2020-12-14: Zoox robotaxi

this is interesting from a design perspective: what assumptions are no longer true and can be revised for a better experience? Passengers face one another, allowing for a more social experience. The interior is spartan, not the overcrowded complex dashboard of current cars and some robotaxi designs. Just a small display and charging port. The seats mix taxi goals (ease of cleaning and able to handle heavy use) with car design. The electric vehicle design allows a low center of gravity, and combined with wheels moved to the corners of the vehicle, a more flexible interior design with more space for the same footprint. Each wheel can also turn independently, allowing for an 8.6m turning radius. In many cases, it will not turn at all, when it wants to change direction of travel, it just changes. The vehicle is narrow and short enough, given that, to handle streets and driveways that might be a challenge for wider vehicles. Airbags are integrated into the special seats and their enclosing walls for extra crash safety.

2021-07-06: Posthuman Logistics

Outside of London is a massive supermarket—one that customers cannot enter. Instead it’s dedicated to fulfilling online orders. It’s filled with an upper-level cartesian grid swarming with over 2000 wheeled robots that zoom around in the X- and Y-axes. Beneath the robots’ wheels, each square of the grid is filled with up to 21 milk crates loaded with grocery products. The ‘bots can suck these bins up through their bottoms, then zip them over to the periphery, where additional sorting ‘bots pick-and-package them.

2023-02-23: Zoox goes public in California

Last week, the California DMV granted us our permit to operate our robotaxi autonomously on public roads. This weekend, we hit the road! It marked the first time in history that a purpose-built robotaxi—with no manual controls—drove autonomously on open public roads with passengers.

Selfdriving dealbreakers

Are today’s challenges of making robocars dealbreakers? short answer: no

Maps are too important, and too costly

Google’s car, and others, rely on a clever technique that revolutionized the DARPA challenges. Each road is driven manually a few times, and the scans are then processed to build a super-detailed “ultramap” of all the static features of the road. This is a big win because big server computers get to process the scans in as much time as they need, and see everything from different angles. Then humans can review and correct the maps and they can be tested. That’s hard to beat, and you will always drive better if you have such a map than if you don’t.

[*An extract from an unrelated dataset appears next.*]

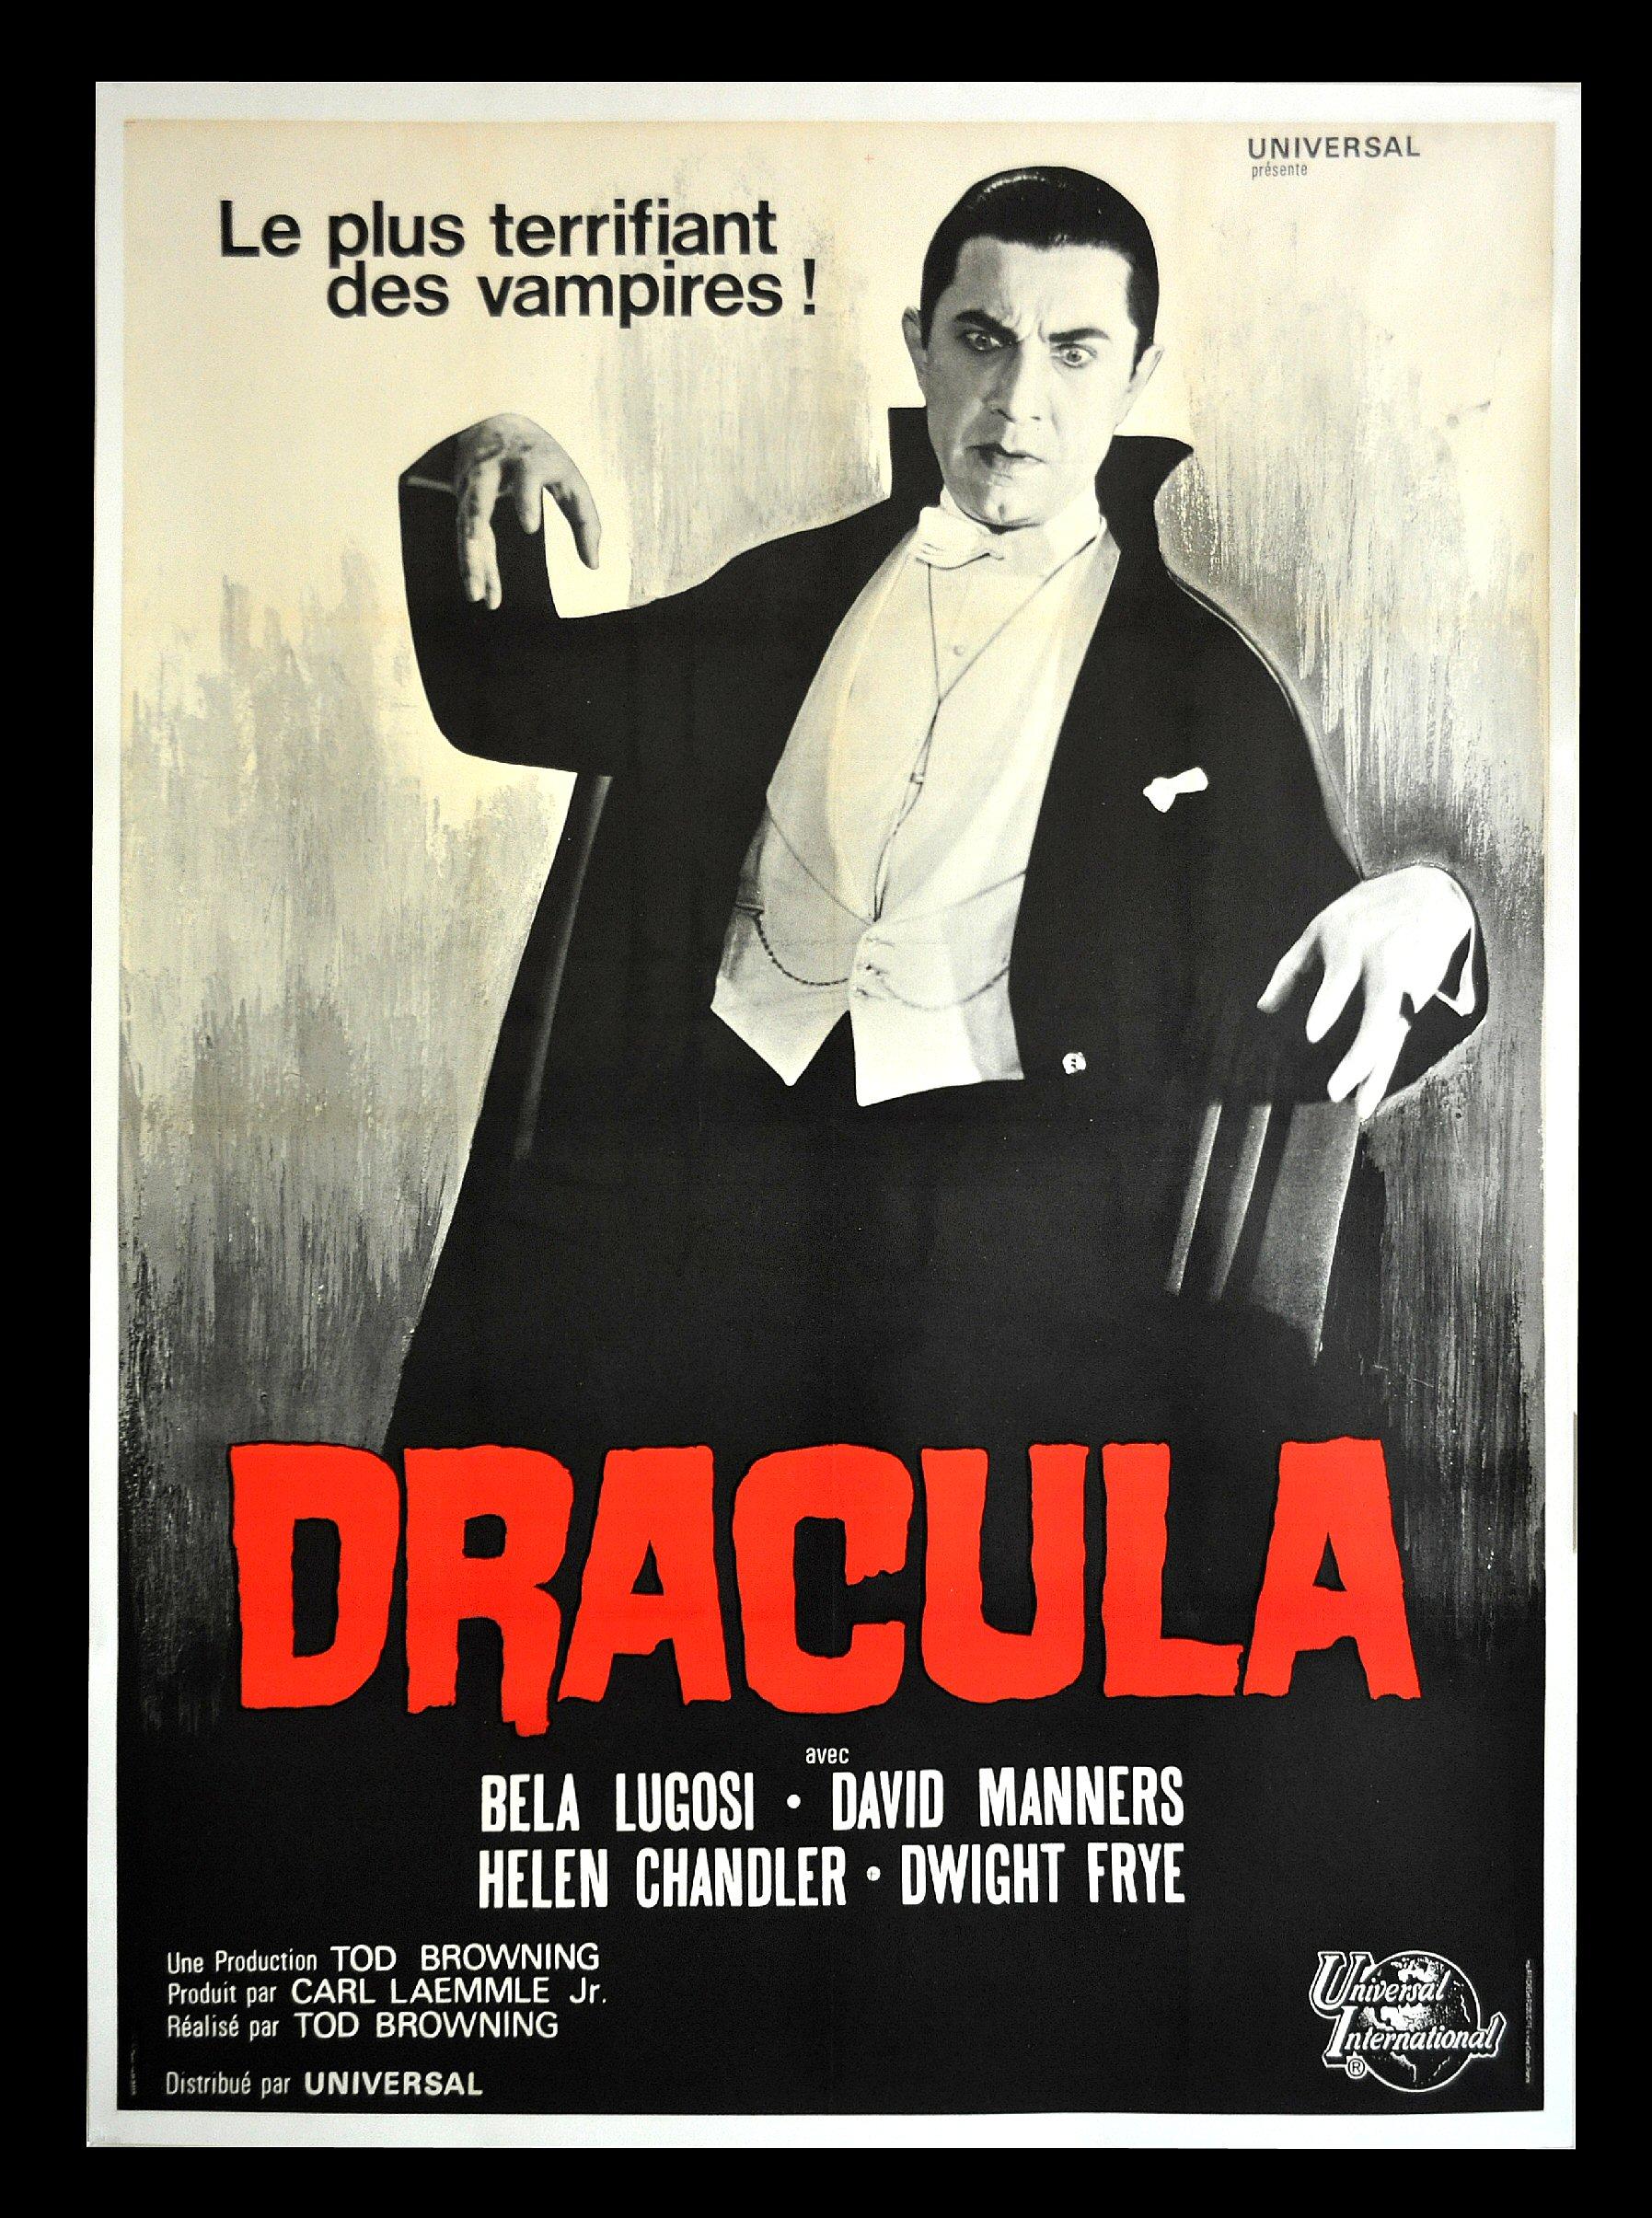 Les plus belles affiches de cinéma - Page 3 Dracnov12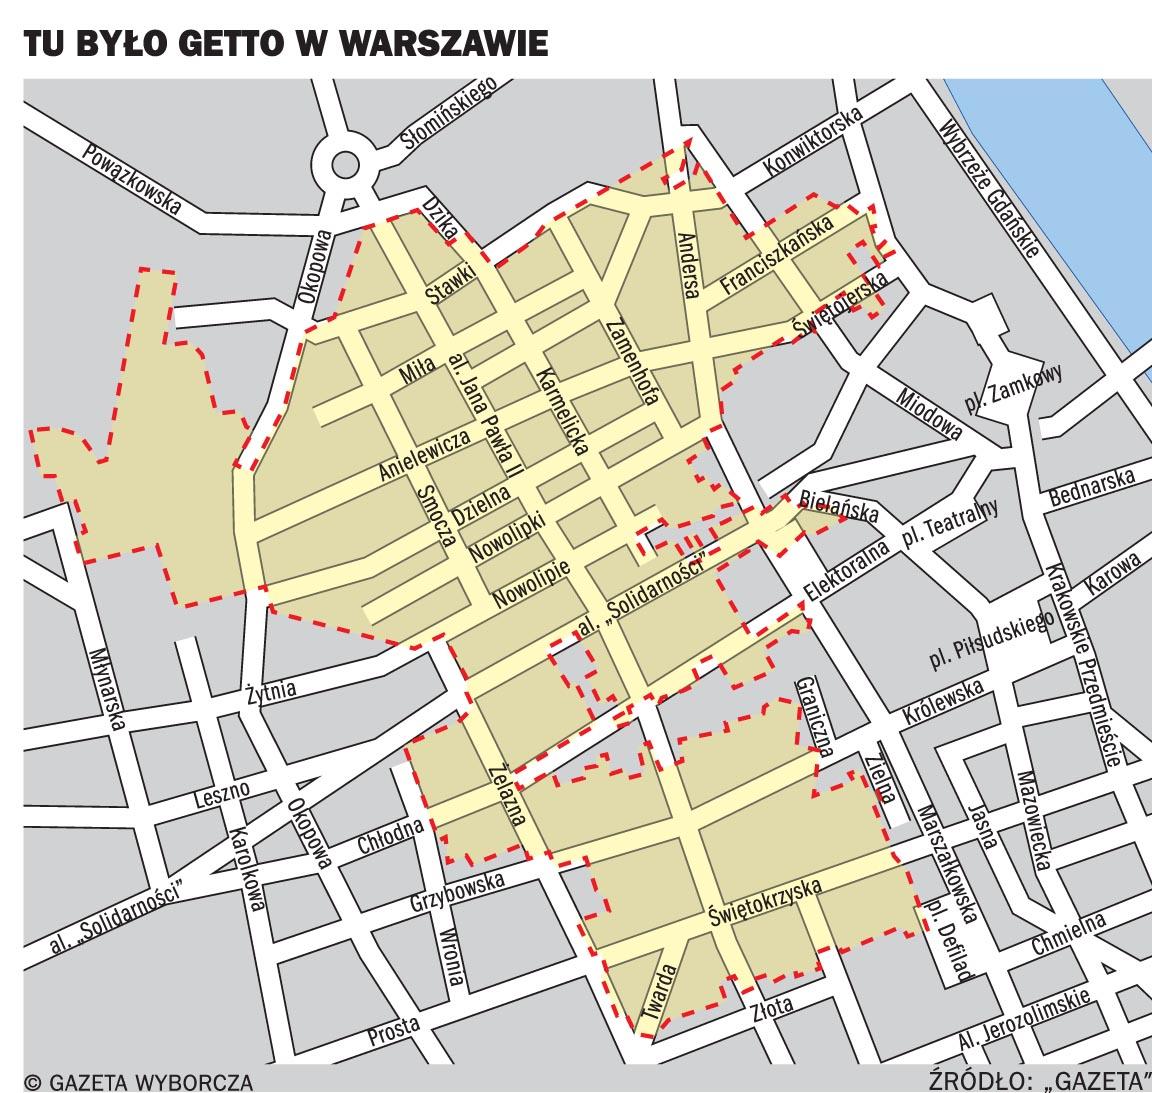 onde posso encontrar um mapa de localizacao do gueto de varsovia a  - onde posso encontrar um mapa de localizacao do gueto de varsovia a cidadehoje  viagem

Any car that could drive without a map would effectively be a car that’s able to make an adequate map automatically. As things get closer to that, making maps will become cheaper and cheaper.

Naturally, if the road differs from the map, due to construction or other changes, the vehicle has to notice this. That turns out to be fairly easy. Harder is assuring it can drive safely in this situation. That’s still a much easier problem than being able to drive safely everywhere without a map, and in the worst case, the problem of the changed road can be “solved” by just the ability to come to a safe stop. You don’t want to do that super often, but it remains the fail-safe out. If there is a human in the car, they can guide the vehicle in this. Even if the vehicle can’t figure out where to go to be safe, the human can. Even a remote human able to look at transmitted pictures can help the car with that — not live steering, but strategic guidance.

Rebuild cities before population decline

What we need is for self-driving cars to become available and cheap enough in cities that are still growing fast enough, and which have legal and political support for driving such cars fast close together, so they can achieve high throughput. That is, people need to be sufficiently rewarded for using cars in ways that allow more road throughput. And then economic activity needs to move from old cities to the new more efficient cities.